I lift myself out of bed and button up my shirt. I have slept here for months. During harvest season I share this room with thousands of pounds of finished leaves. The only way to smell something from the outside is if it is somehow more potent than the delicious smell of these leaves. But nothing really is.

Liu waves to me as I make my way down the dirt path towards the woks.

“Are you hungry?” he asks without looking up.

“No, I am here to help.”

Five pounds of tea dances on the wok, between his fingers, and up to the edges of the pan then gently back to the center. Watching him, you would swear it is in fast forward.

The wood under the wok pops loudly, the crackling of the burning wood singing with the crackling of the leaves. We are in the kill green stage of tea production where the tea has been left to wilt for hours, and now it is time to halt that process, roast out more of the moisture, and allow enzymes to be pulled out from inside the leaf cells. This may be done at any time of day, but the cool morning is best, and the daytime is better for picking when working with only a small family operation.

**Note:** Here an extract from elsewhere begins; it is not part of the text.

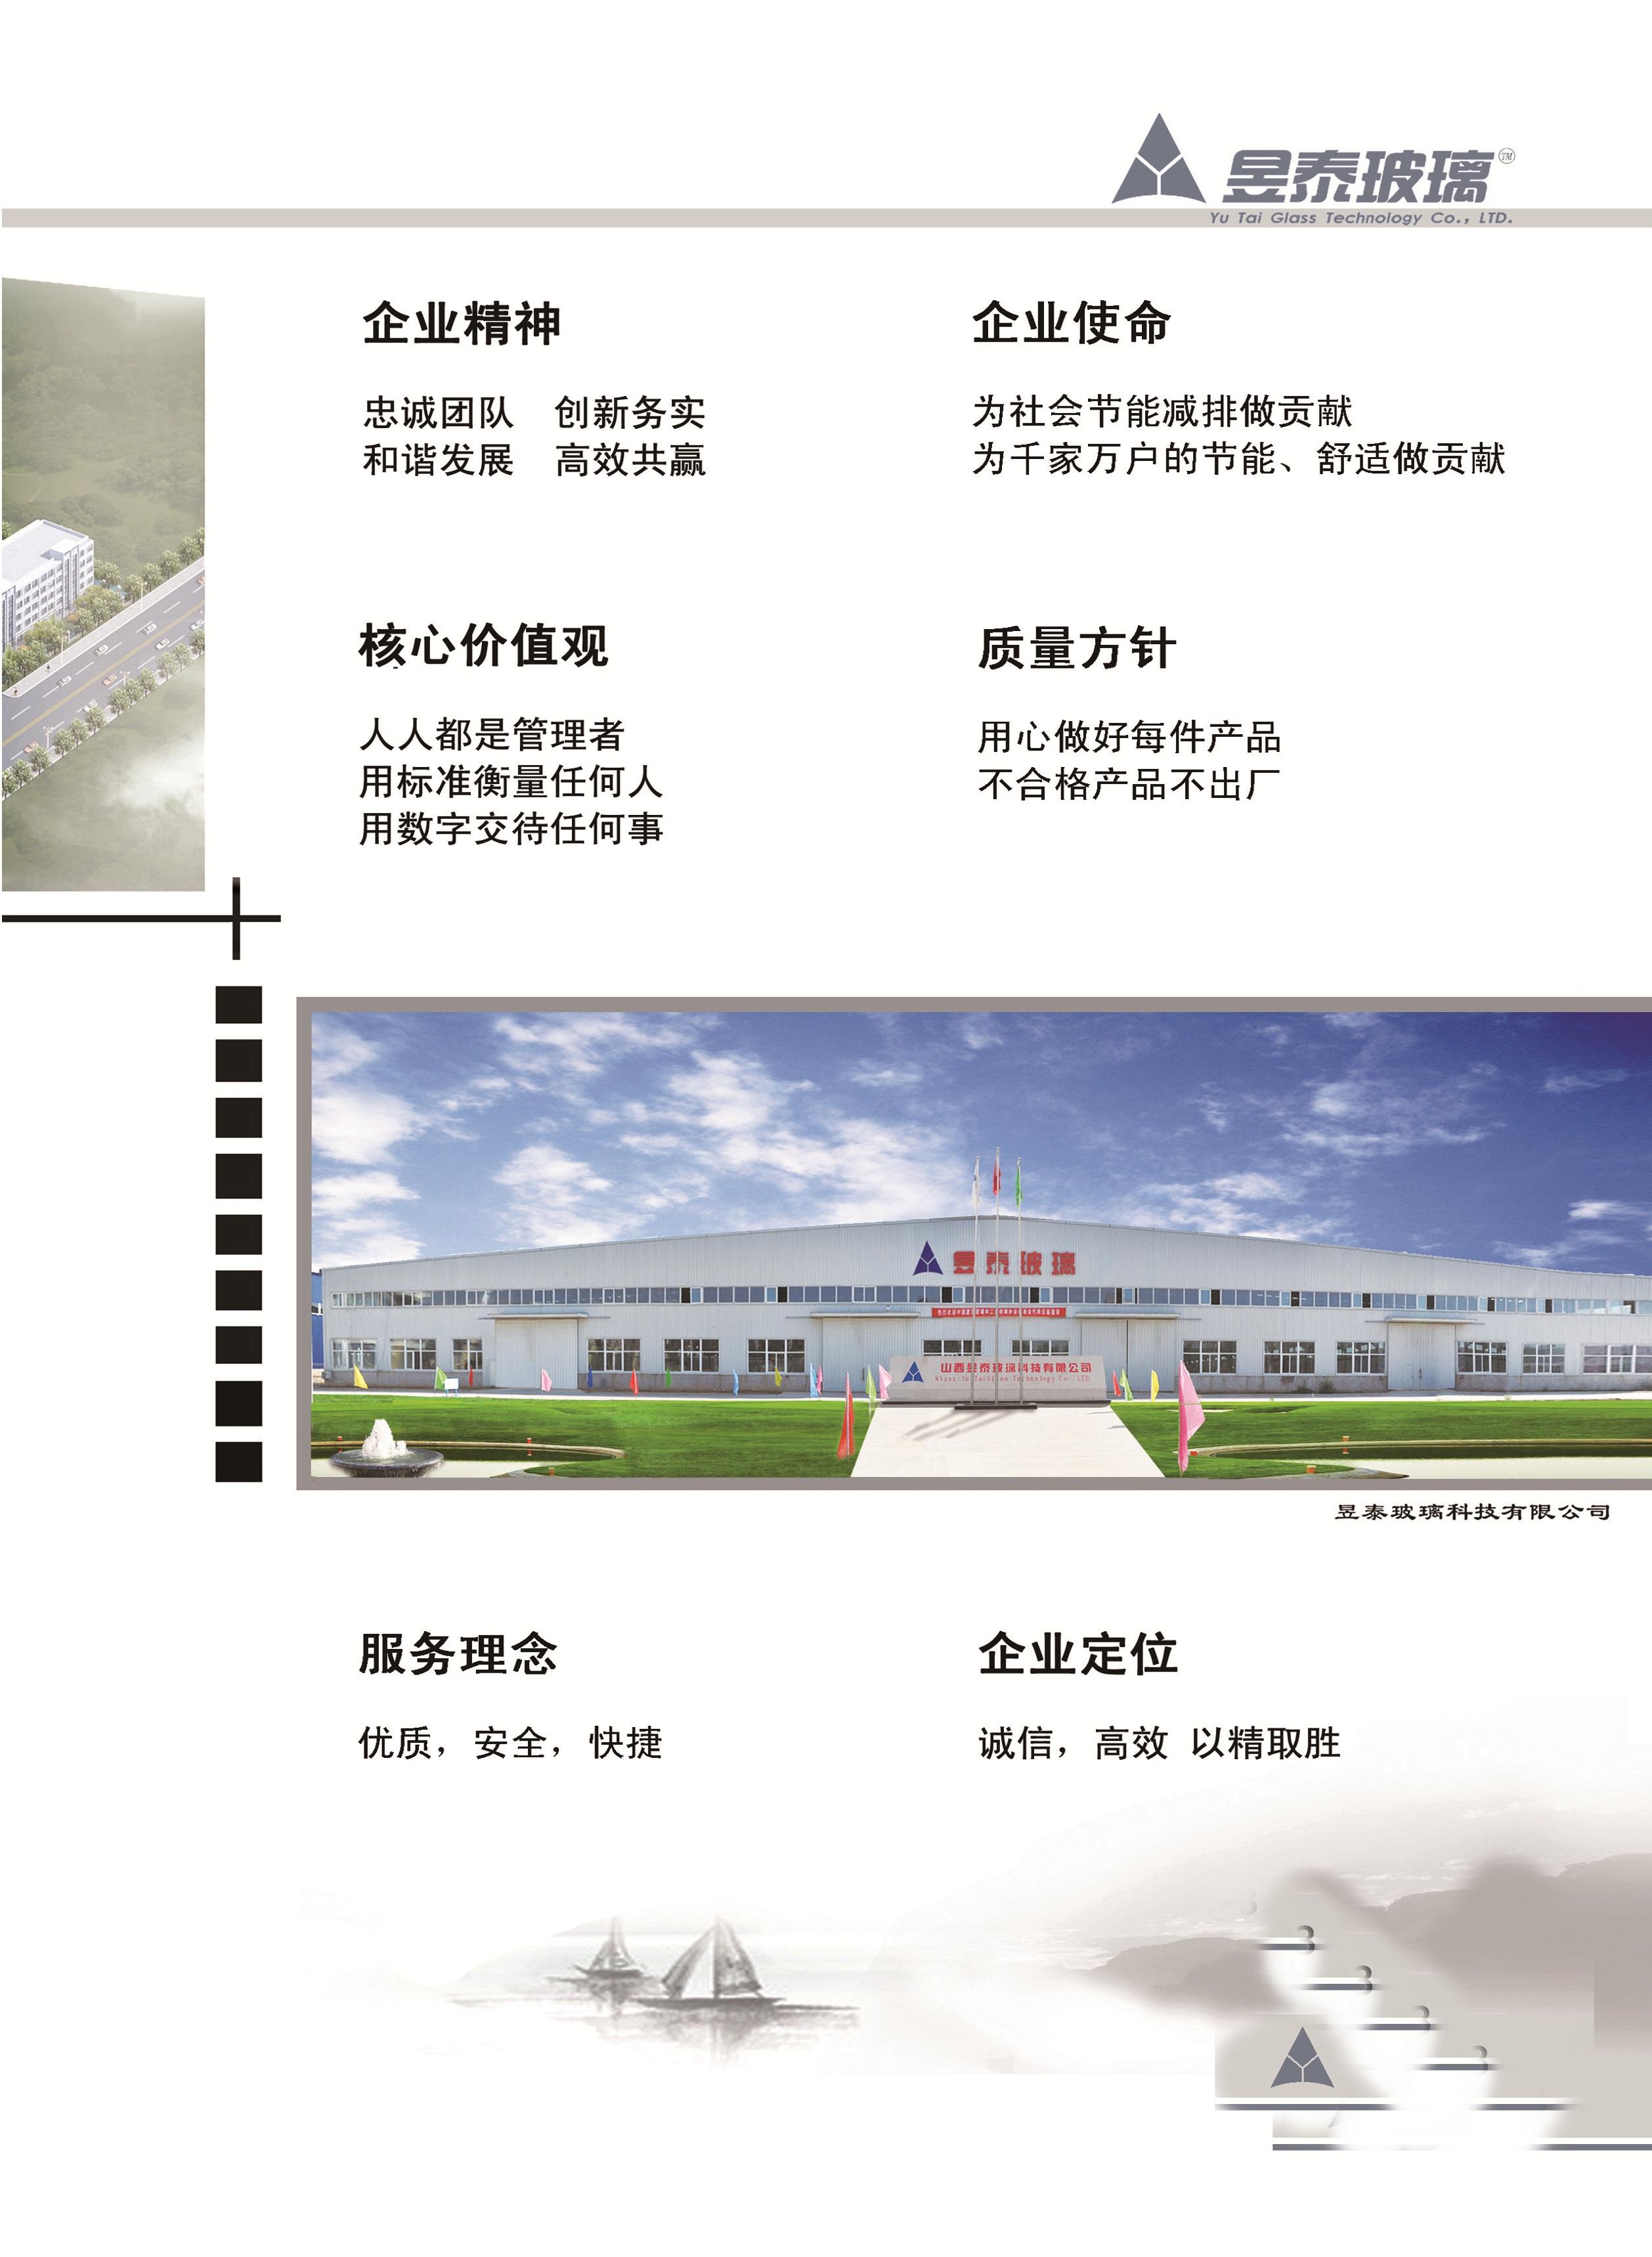 山西昱泰玻璃科技有限公司

Bings of pu-erh at the end of processing. (Photos by Phil America.)
Bings of pu-erh at the end of processing. (Photos by Phil America.)

The leaves are tossed and turned around the wok, which is big enough to take up a whole card table; then, at the most precise moment, Liu stops. Suddenly the leaves are collected and rolled into a large ball, looking almost like frozen spinach that’s been removed from its box and thawed. The ball is quickly placed onto a bamboo tray the size of the wok, then rolled vigorously.

Five pounds of tea dances on the wok, between his fingers, and up to the edges of the pan then gently back to the center. Watching him, you would swear it is in fast forward.

If you have seen someone cook on a wok at a Chinese restaurant, that is similar to the motion that takes place when firing tea. If you have seen someone kneading bread dough, the motion of the rolling process is very similar. The mastery involved, and the instinct that is present in these men and women, is as if from somewhere within their DNA.

Tea is made by peasants and businessmen and masters and children. Tea is consumed by peasants and businessmen and masters and children. There is something in all of us that is more balanced when we drink great tea, especially a great raw pu-erh, as we are making here. Pouring this tea for anyone brings about a change so profound that it can only be explained by pointing to the tea. It is used as a medicine, as a guide, as a beverage, and as a tool. That is exactly why it is so important to prepare it with the skill of a master.

After a minute of rolling the tea, it is covered for a moment with a tarp and carried to the deck where it will spend much of the day soaking up the sun. I grab the bamboo basket with the tea and follow Liu, who is drinking mi zhou, or rice congee. We make our way up the steps to the deck to place the tray where it can dry.

Nicholas Lozito holds a bag in which processed tea leaves are placed and then pressed into bings.
Nicholas Lozito holds a bag in which processed tea leaves are placed and then pressed into bings.

We kneel at an empty space and set down the tea, then open the tarp to let the leaves settle. It is still very hot and the smell is strong enough to permeate our clothes for weeks. I toss the tarp to the side and we begin to gently separate the tea from itself and spread it across the basket.

The sun is coming up now and I can see a handful of other trays full of tea spread throughout the deck. Liu must have been up for hours.

We enter a second room in the factory where the tea is steamed and compressed into various shapes, most often the shape of the moon.

I grab a handful of the tea from the ball and lift it above my head, then drop it, watching it glimmer as it falls from my fingers. I was taught this only by watching, and it is clear that it allows the leaves to spread more evenly and, eventually, dry more evenly. In order for a tea to legally be called pu-erh tea, it must be sun-dried, giving it what the villagers call the taste of the sun. It also must come from this region and it must be picked from the large leaf asssamica variety of the Camellia sinensis plant.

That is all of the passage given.